*** Opening DATA EXCERPTS ***
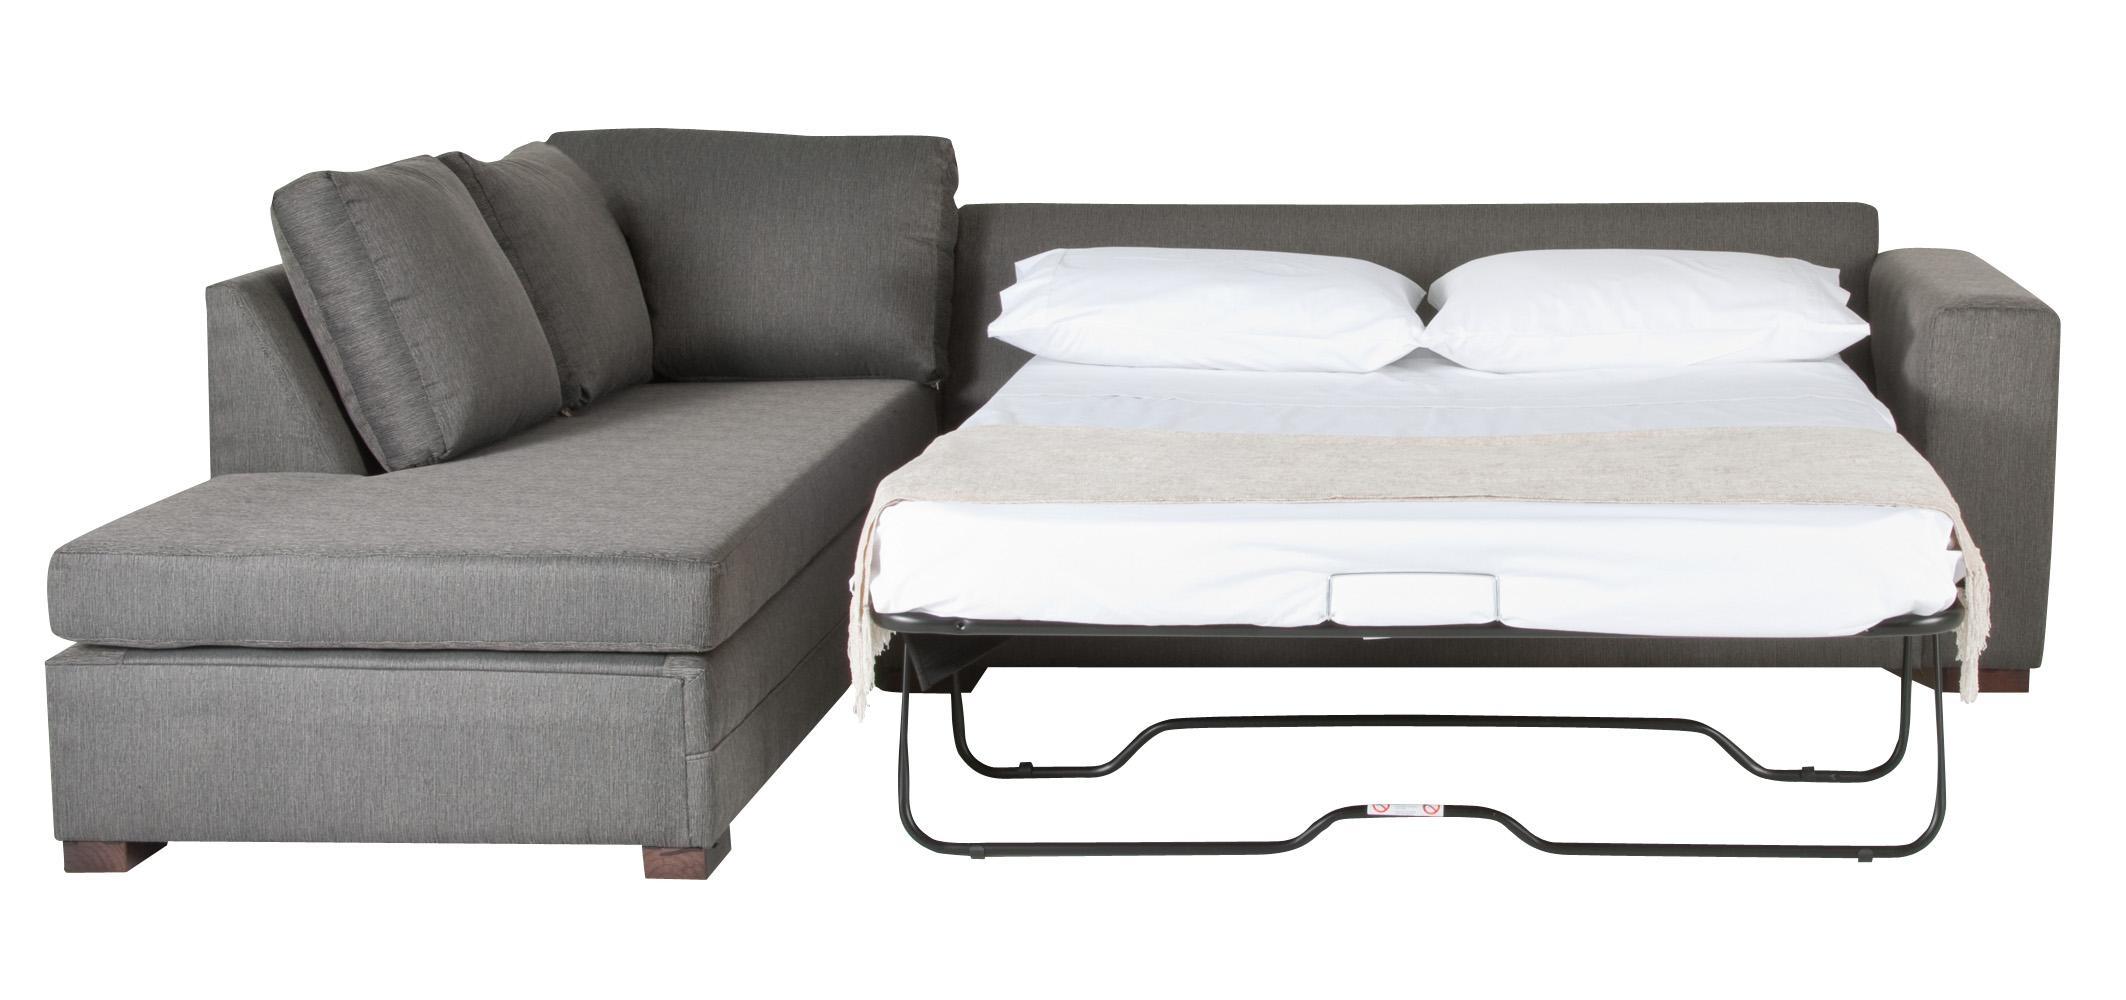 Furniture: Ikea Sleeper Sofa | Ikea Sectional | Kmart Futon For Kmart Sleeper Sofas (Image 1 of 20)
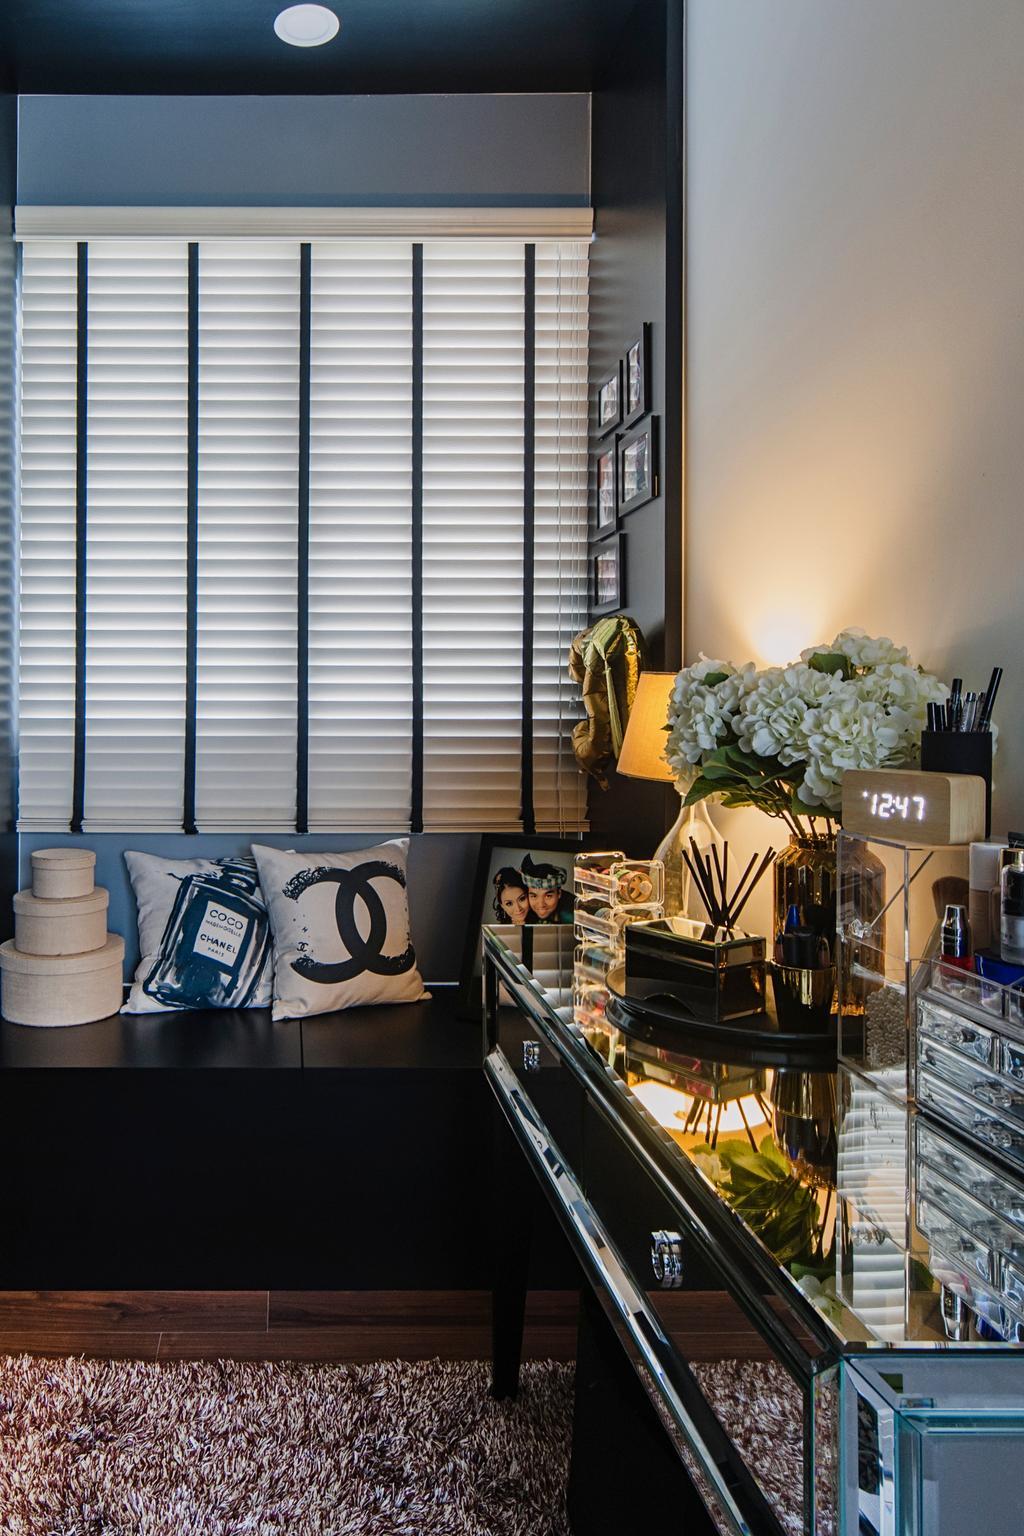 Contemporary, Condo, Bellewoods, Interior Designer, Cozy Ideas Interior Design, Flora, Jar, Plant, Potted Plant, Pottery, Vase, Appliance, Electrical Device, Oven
*** Closing DATA EXCERPTS ***
*** Opening DATA EXCERPTS ***
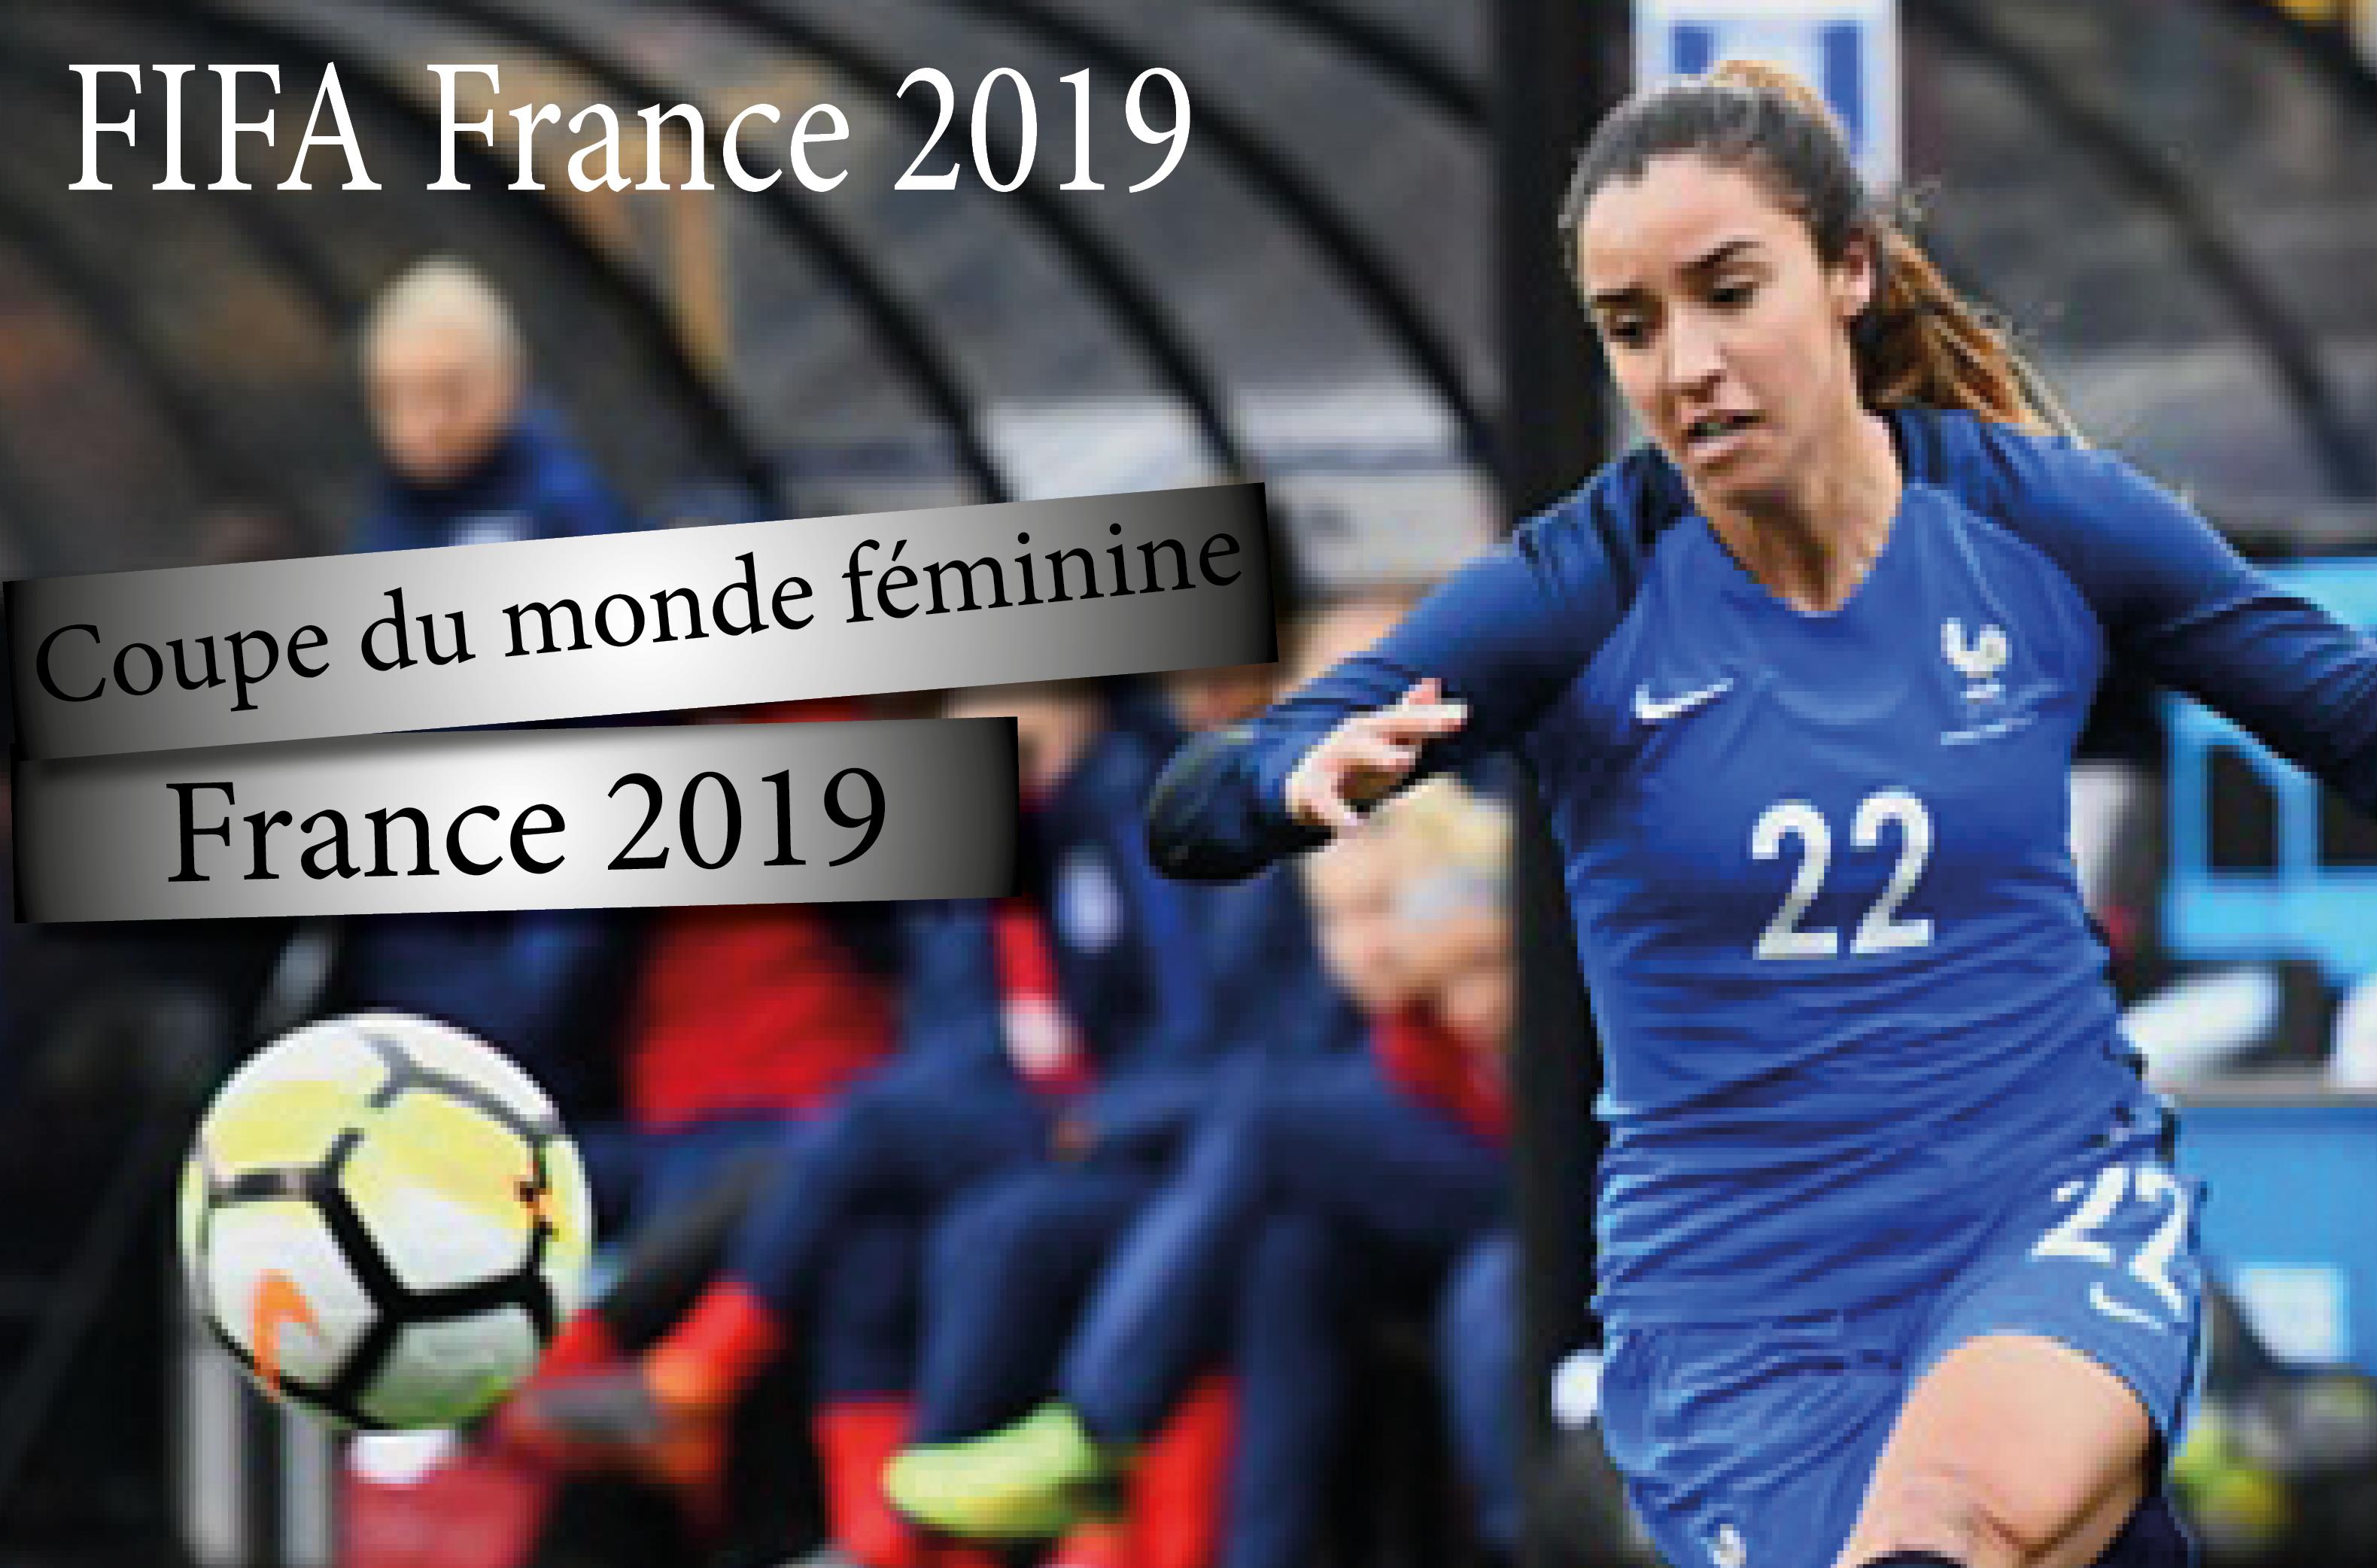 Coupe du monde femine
*** Closing DATA EXCERPTS ***
### EXERCISE
Reproduce exactly, with no pictures, the lines above from the one holding "Furniture: Ikea Sleeper" to the one holding "Contemporary, Condo, Bellewoods, Interior", inclusive.

### RESULT FOR THIS TASK
 Furniture: Ikea Sleeper Sofa | Ikea Sectional | Kmart Futon For Kmart Sleeper Sofas (Image 1 of 20)
 Contemporary, Condo, Bellewoods, Interior Designer, Cozy Ideas Interior Design, Flora, Jar, Plant, Potted Plant, Pottery, Vase, Appliance, Electrical Device, Oven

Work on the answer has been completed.